◆ Information shown

------------------------------------------------

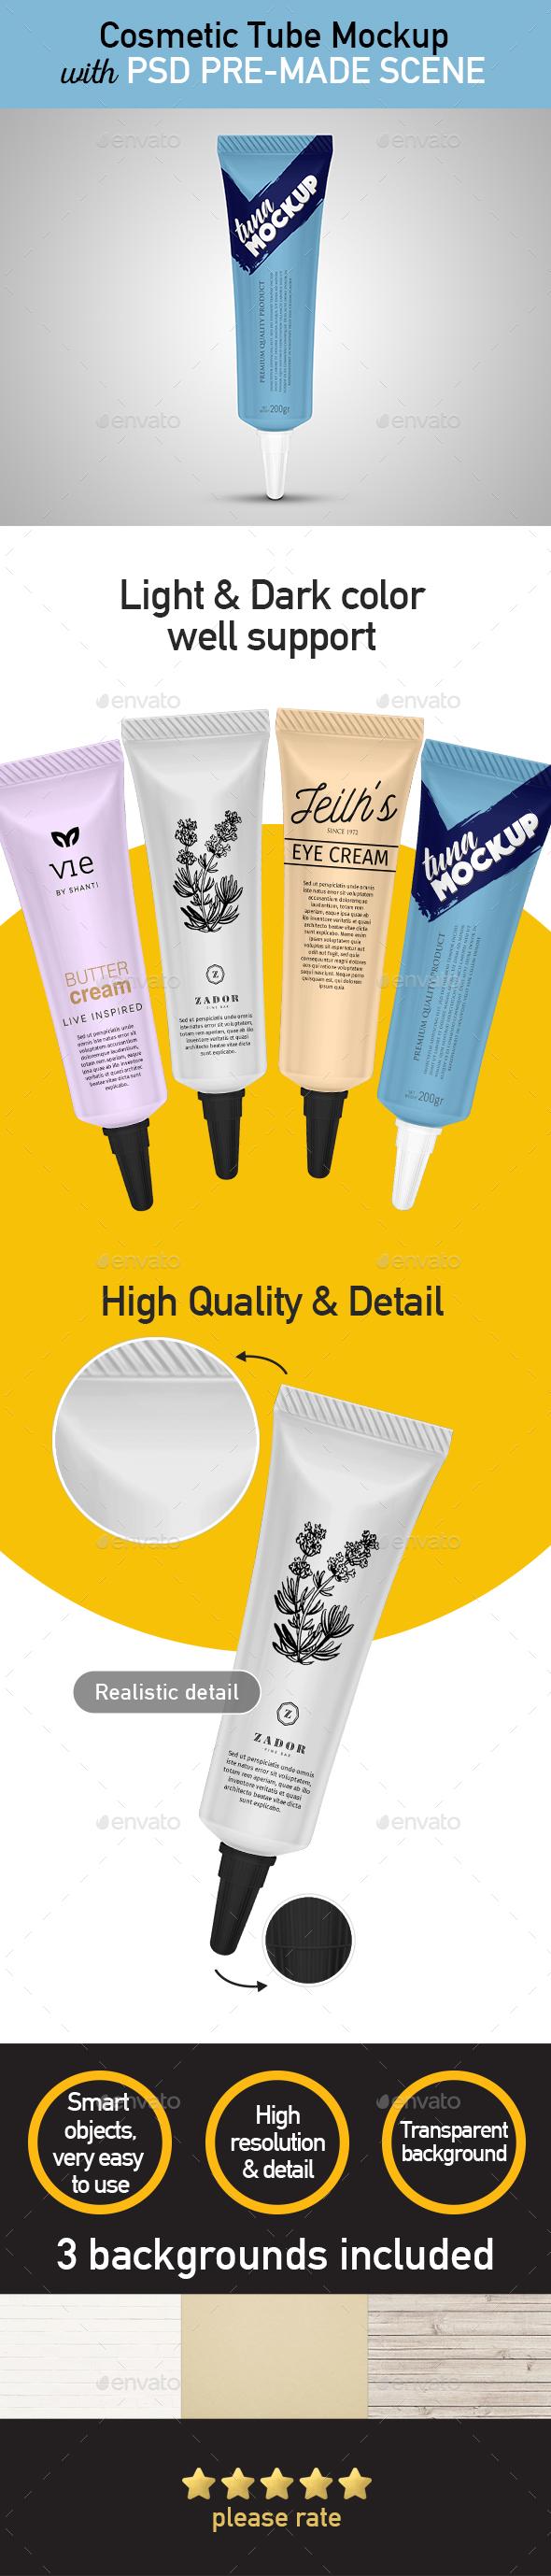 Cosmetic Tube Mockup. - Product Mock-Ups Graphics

------------------------------------------------

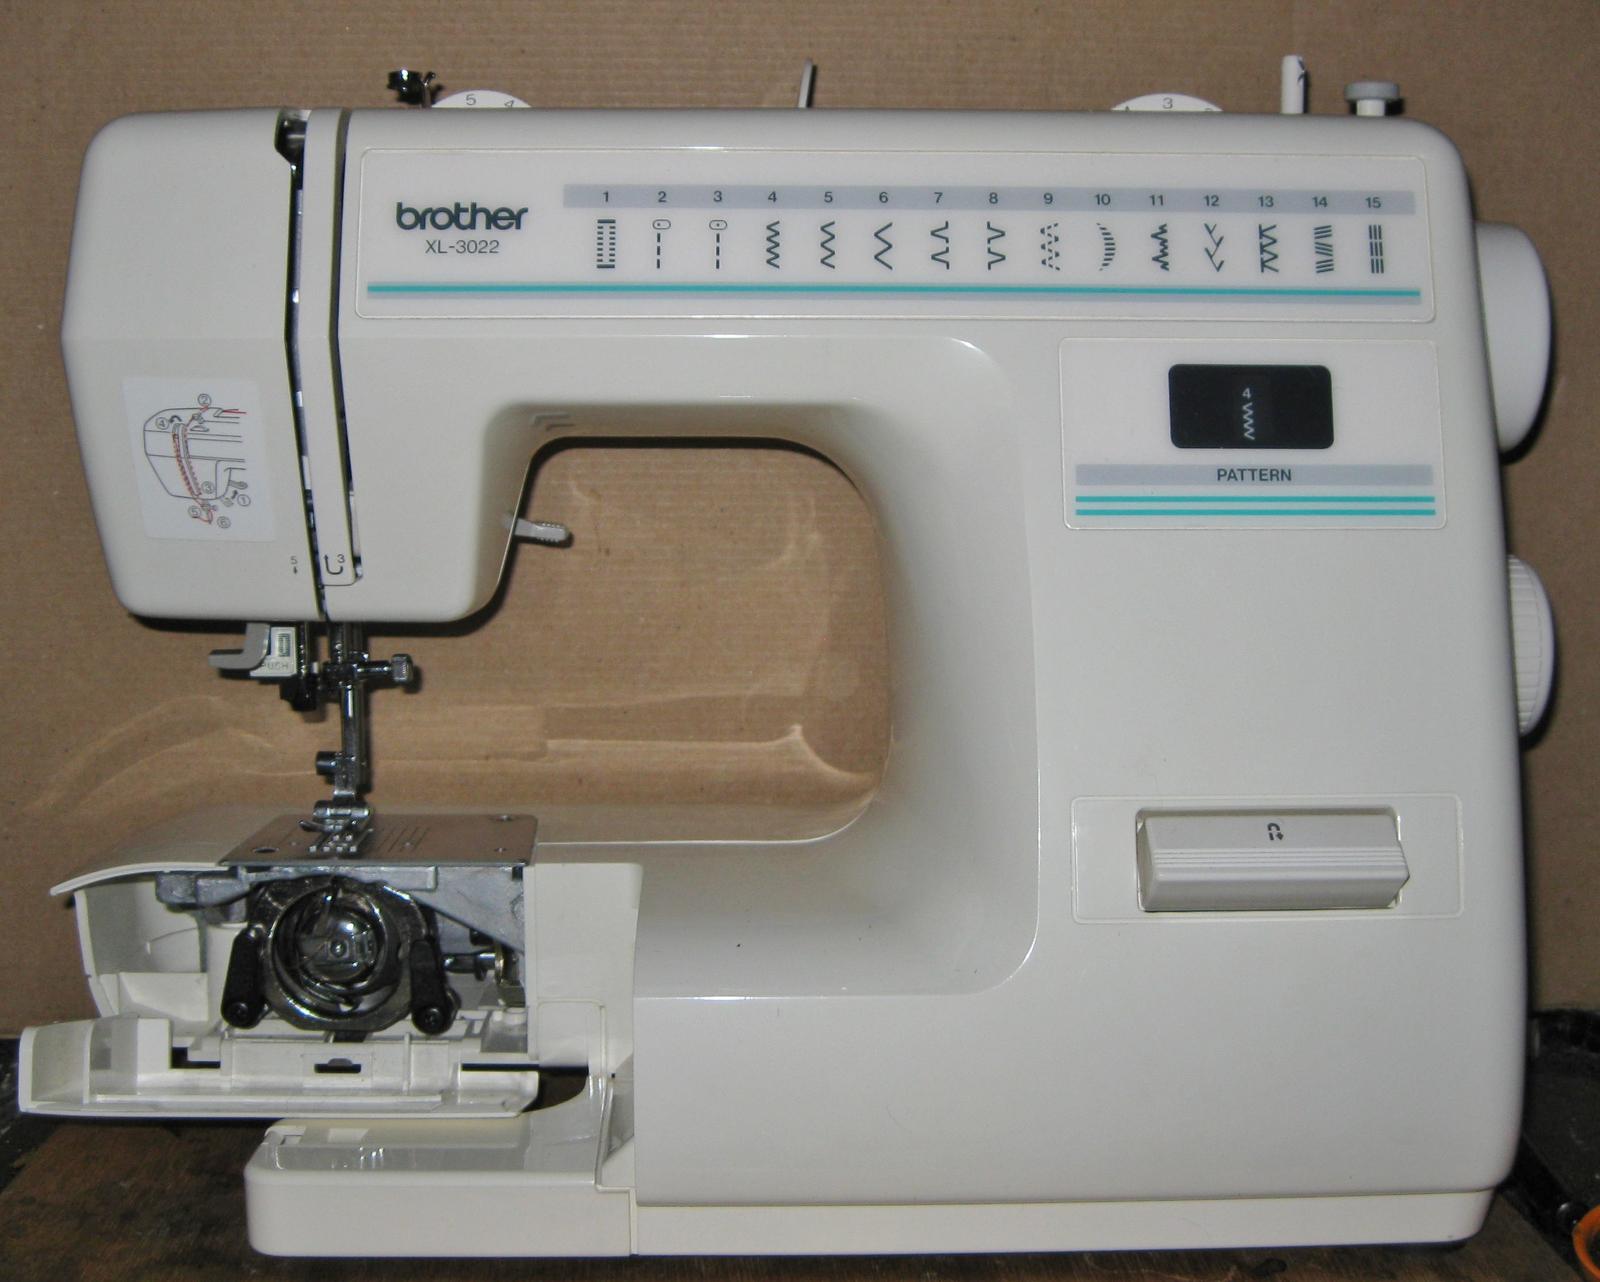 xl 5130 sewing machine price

------------------------------------------------

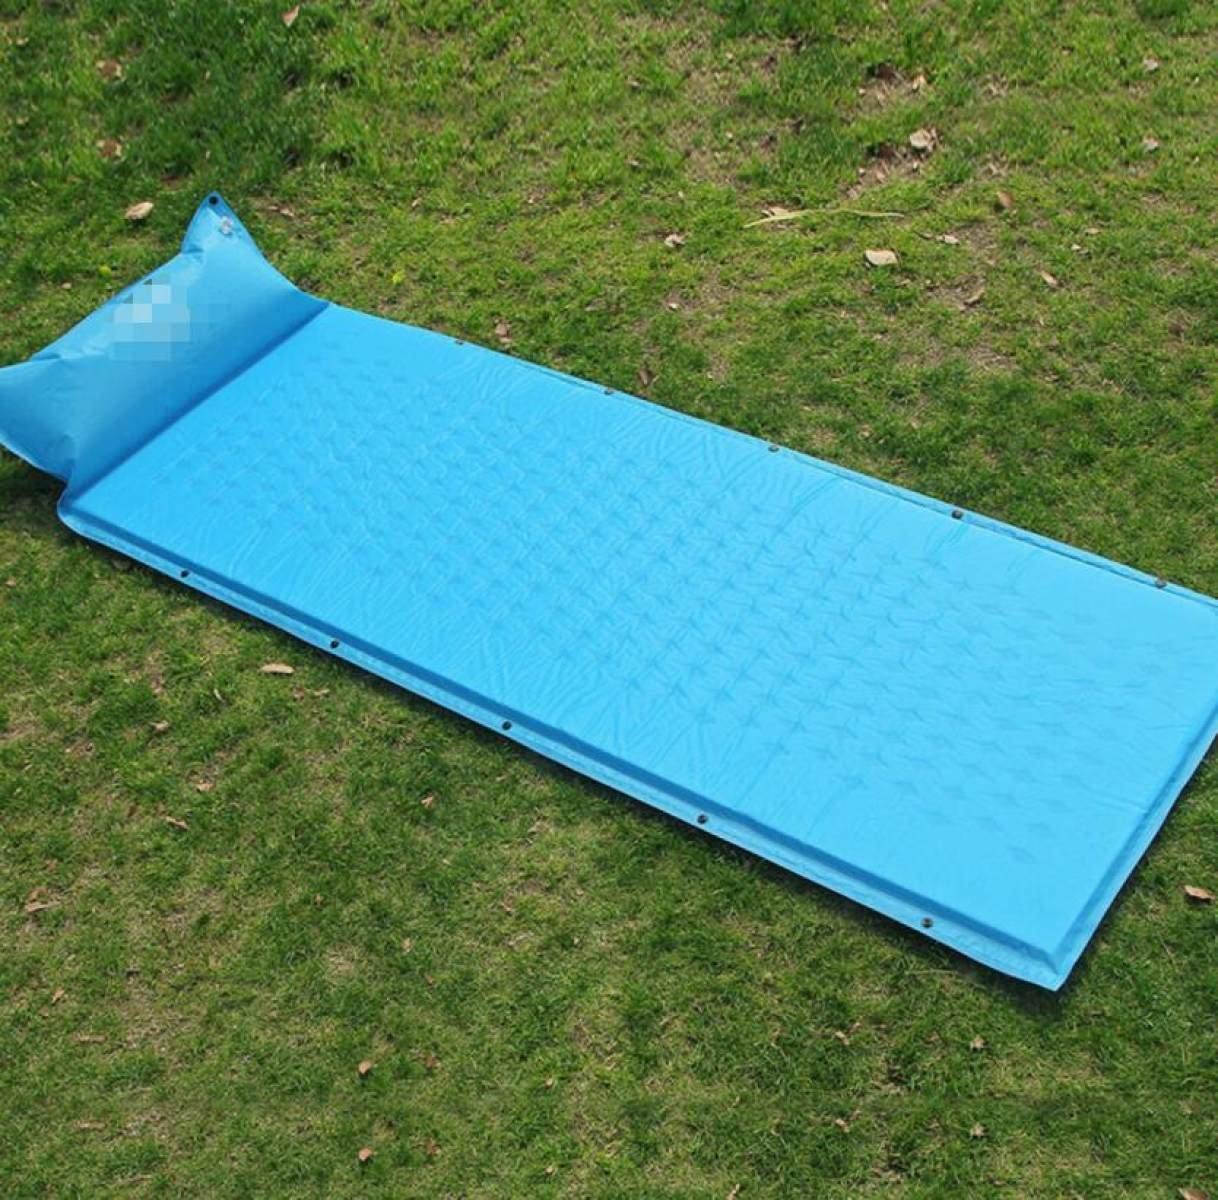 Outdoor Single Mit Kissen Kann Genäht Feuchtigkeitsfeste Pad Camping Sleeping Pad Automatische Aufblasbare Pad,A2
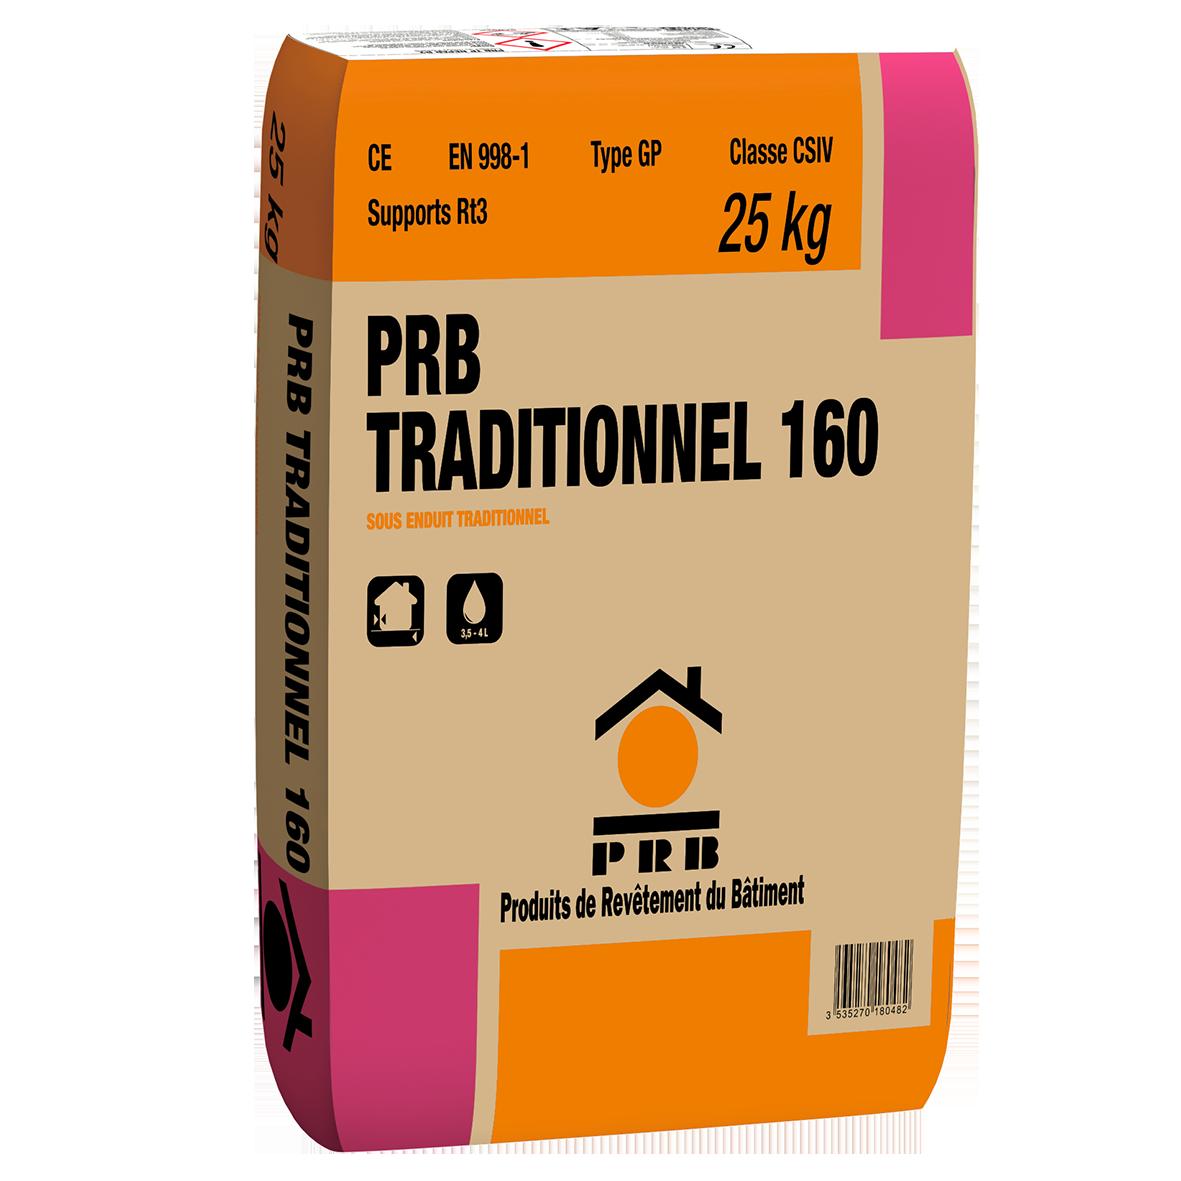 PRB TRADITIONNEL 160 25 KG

------------------------------------------------

◆ Your goal
Using the data above, transcribe exactly the lines between those containing "Outdoor Single Mit" and "PRB TRADITIONNEL 160 25 KG", inclusive, and leave every picture behind.

◆ Solution for this task
 Outdoor Single Mit Kissen Kann Genäht Feuchtigkeitsfeste Pad Camping Sleeping Pad Automatische Aufblasbare Pad,A2
 PRB TRADITIONNEL 160 25 KG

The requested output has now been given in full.